Zoals vermeld is aan deze situatie een einde gesteld met de wet van 27 juni 2021. Iedereen die een digitale boekhouding voert, moet die boekhouding vanaf 10 juli 2021 digitaal overmaken aan de fiscus wanneer deze laatste erom verzoekt. Aldus is het niet ondenkbaar dat er binnenkort volledige fiscale controles zullen plaatsvinden zonder dat de controlerende ambtenaar bij de belastingplichtige ter plaatse komt.
Dit digitaal boekenonderzoek geldt alleen voor belastingplichtigen die hun boekhouding digitaal voeren. De fiscus kan dus niet opleggen dat u plots uw volledige boekhouding digitaliseert zodat u deze kan doormailen. Zulks zou immers een onredelijk zware last vormen voor de belastingplichtigen die een papieren boekhouding voeren.
Een vreemde evolutie is dit niet. De zinsnede ‘zonder verplaatsing’ in het wetsartikel over het boekenonderzoek staat daar al sinds 1964. Combineer bovendien de digitalisering met een verbod voor onbekenden om dichter dan anderhalve meter bij elkaar in de buurt te komen en het zal u niet verbazen dat het boekenonderzoek op afstand werd ingevoerd.
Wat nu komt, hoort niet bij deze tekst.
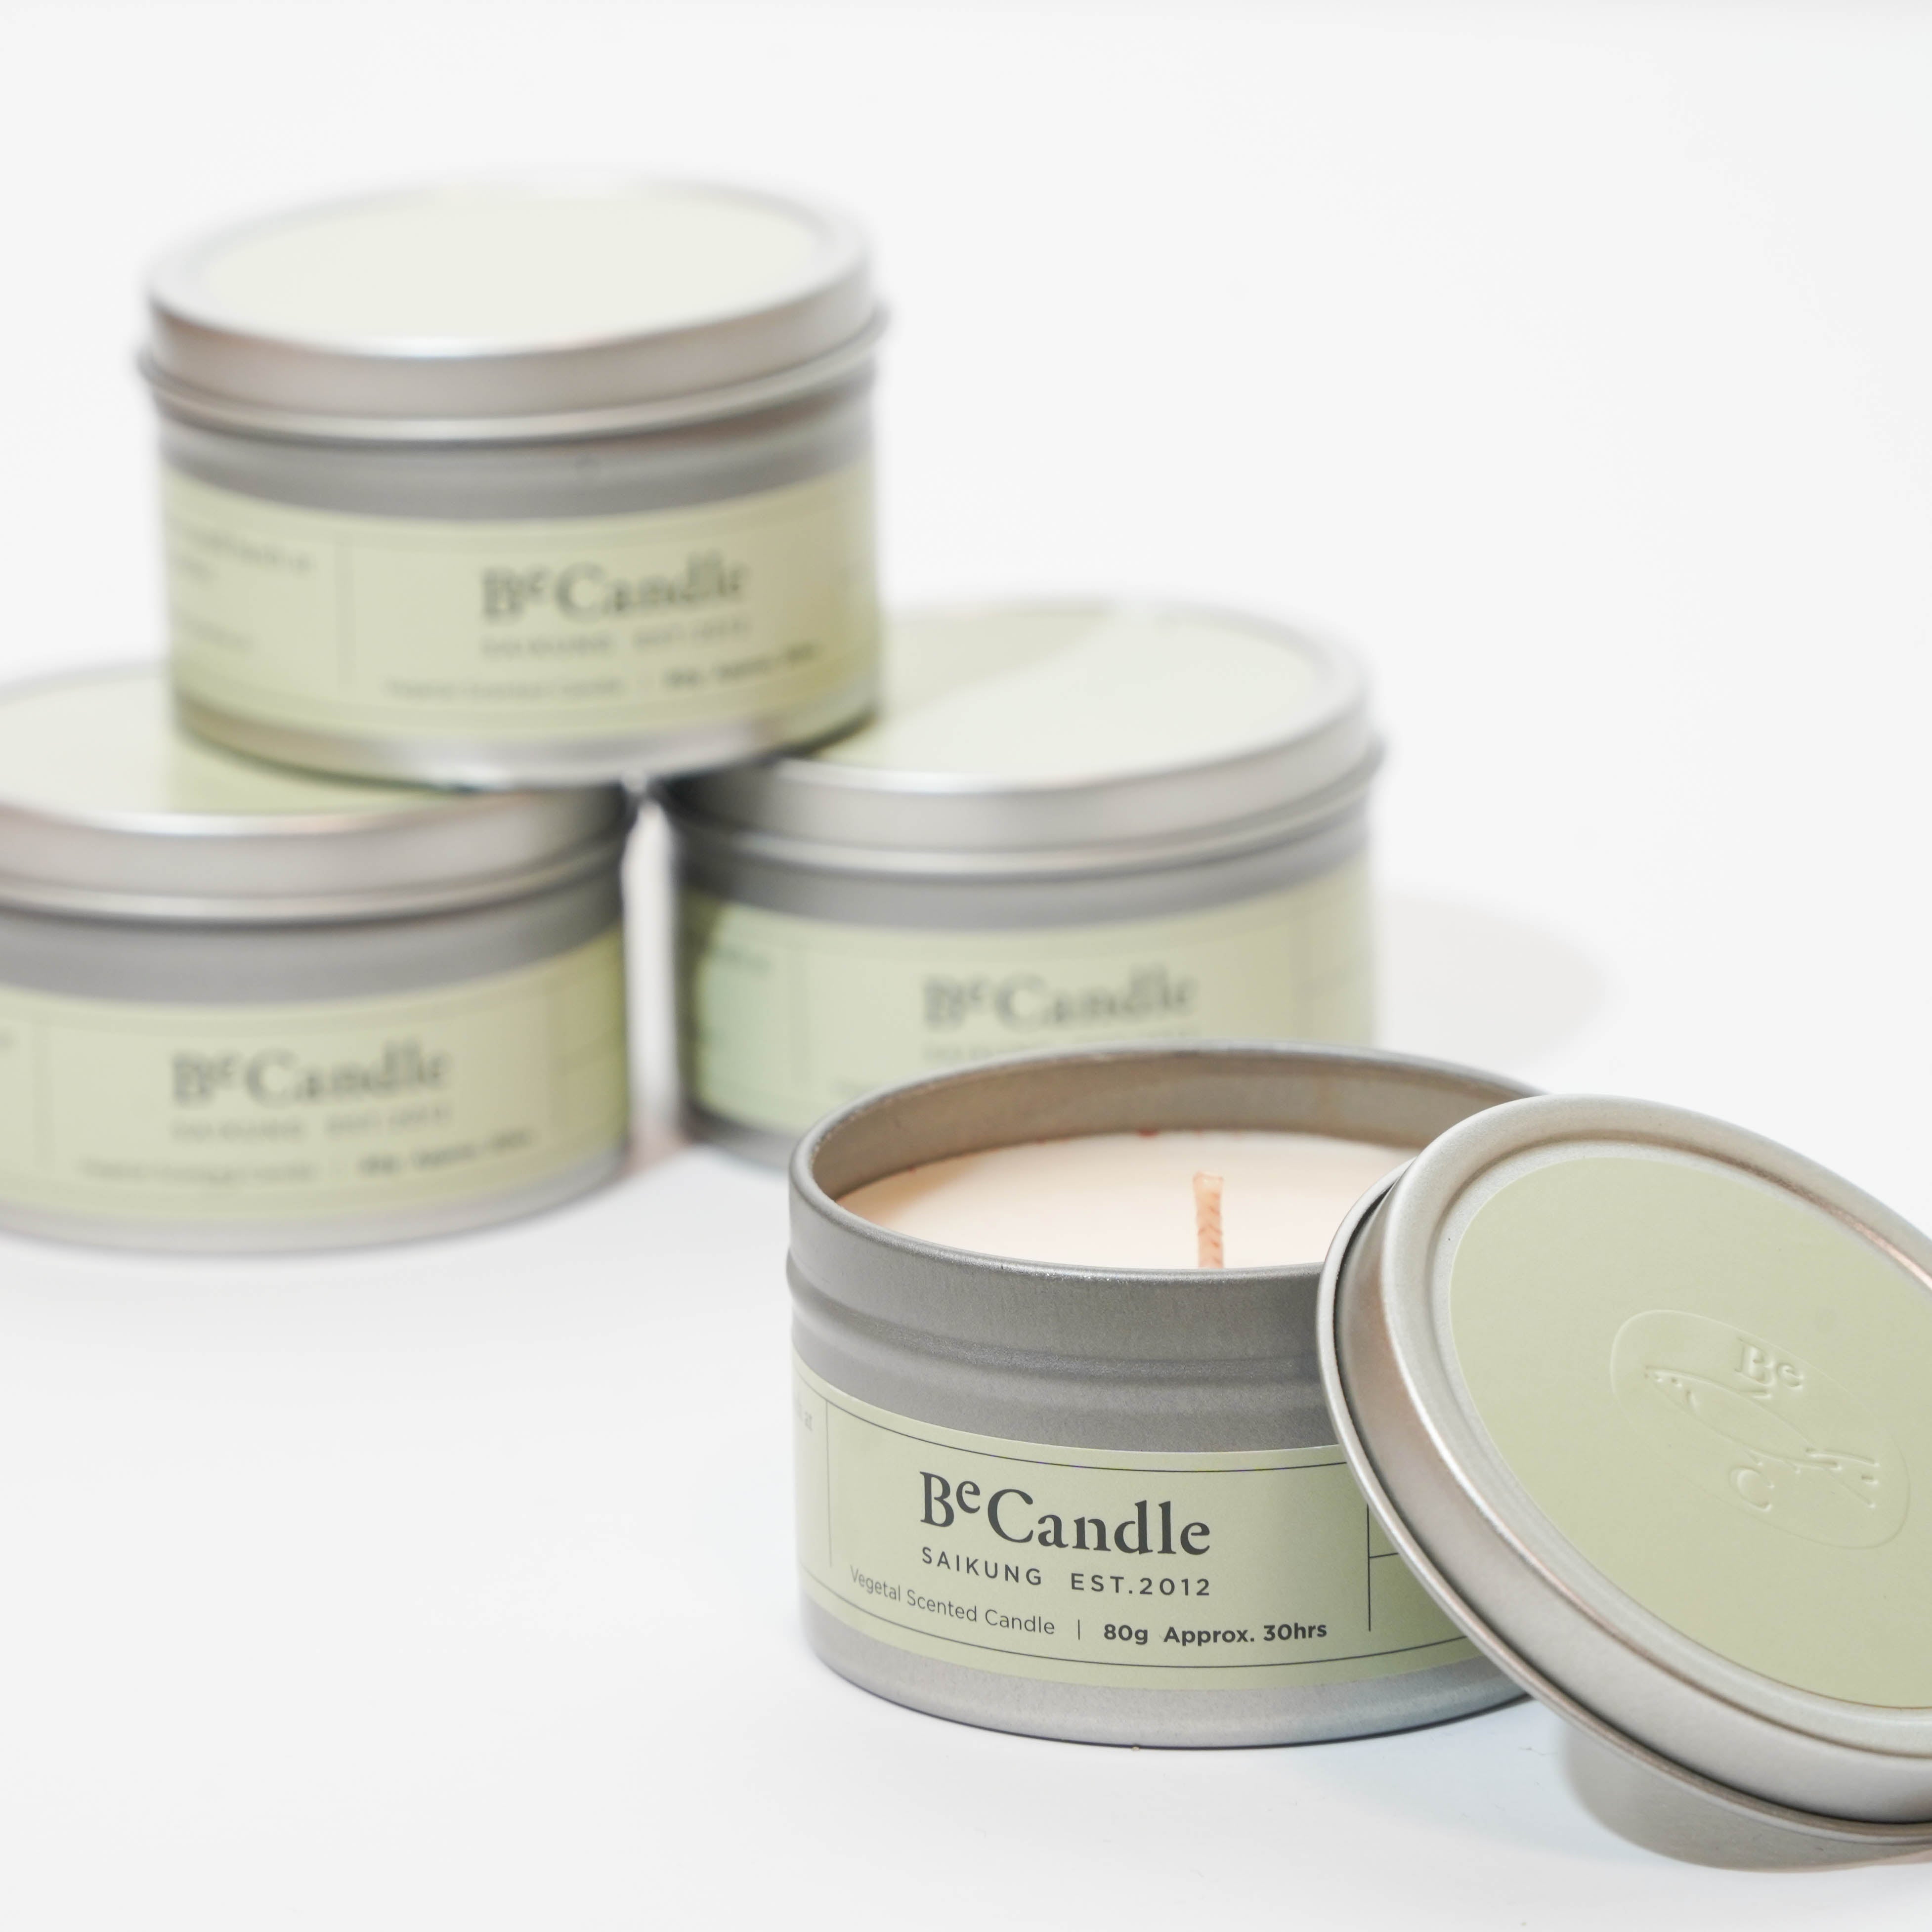 BeCandle 98. Gardenia - Travel size (80g / approx 30hrs)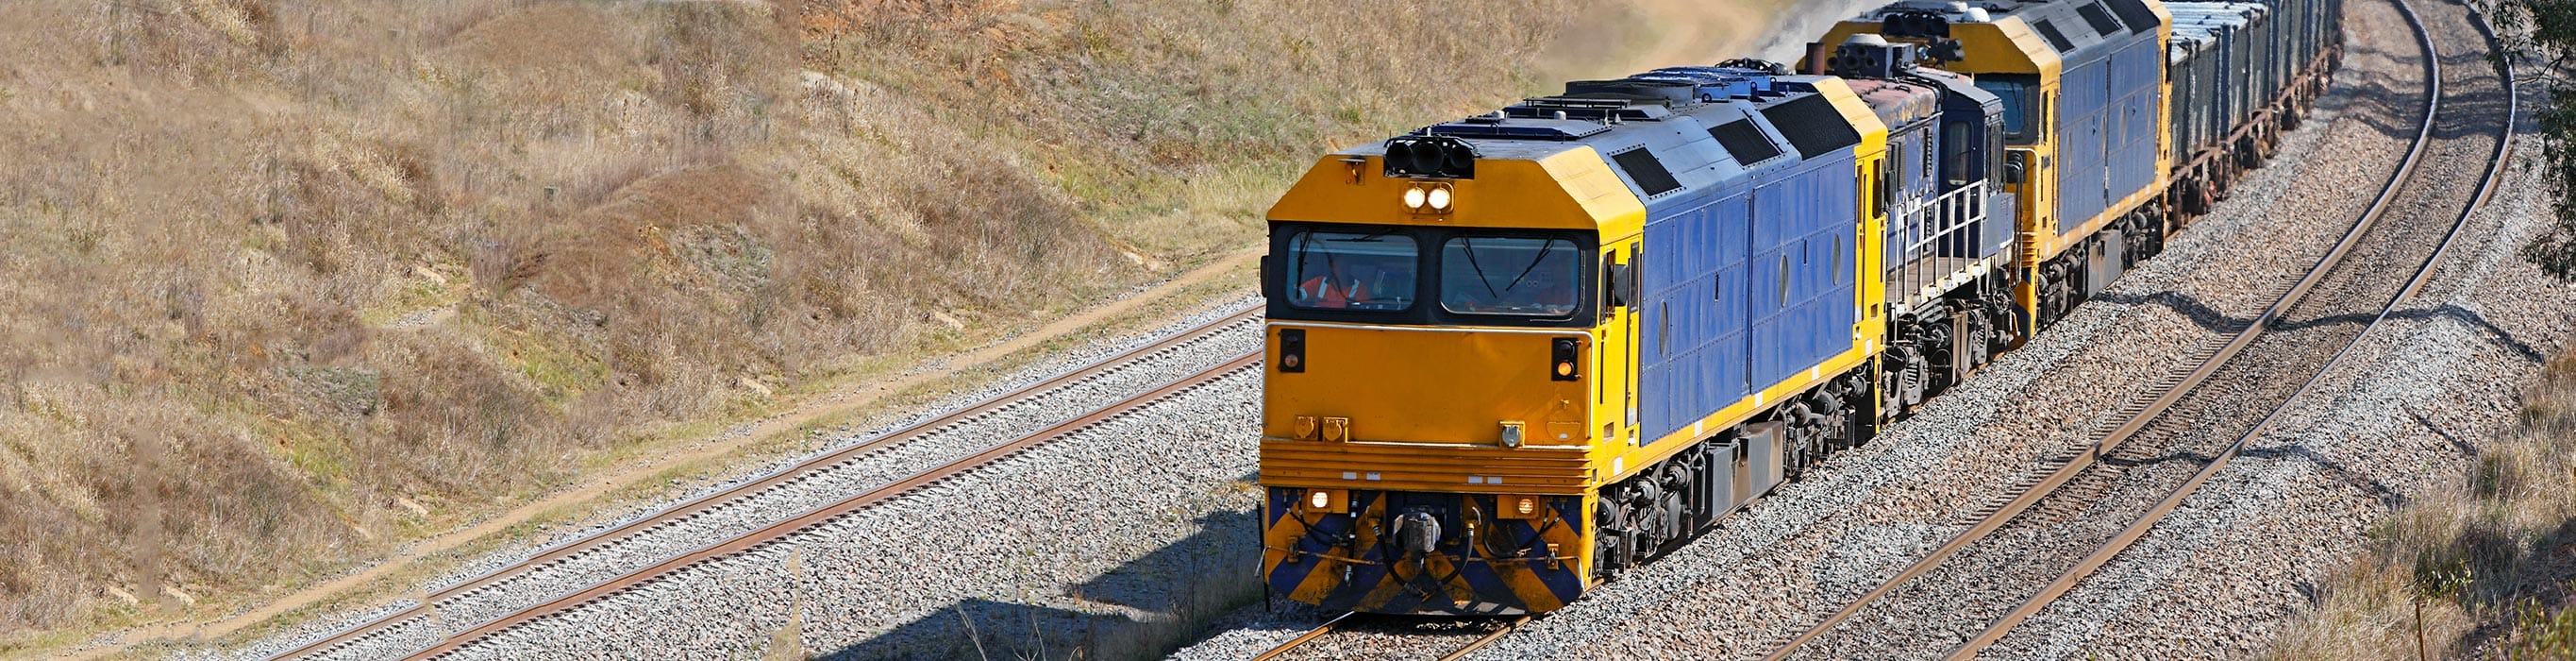 Hydrogen - future for rail vehicles

Deze wetswijziging zal wellicht een niet te onderschatten impact hebben in de praktijk. Men kan zich verwachten aan een zondvloed van vragen om inlichtingen voor de overlegging van boekhoudkundige stukken.
Er zijn evenwel enkele negatieve gevolgen te koppelen aan de evolutie van de digitalisering. Vooreerst is het risico op fishing expeditions, fiscale controles waarbij zonder echte aanleiding een hele resem aan informatie opgevraagd word, reëel. De advocaten onder ons zullen hun best moeten doen om het recht op privacy in een fiscale controle niet te laten afzwakken.
Ten slotte valt het te betreuren dat de fiscale controle minder menselijk wordt gemaakt. Wij schreven eerder over de gruwel van het naakte cijfer en de gevaren van louter digitale controles.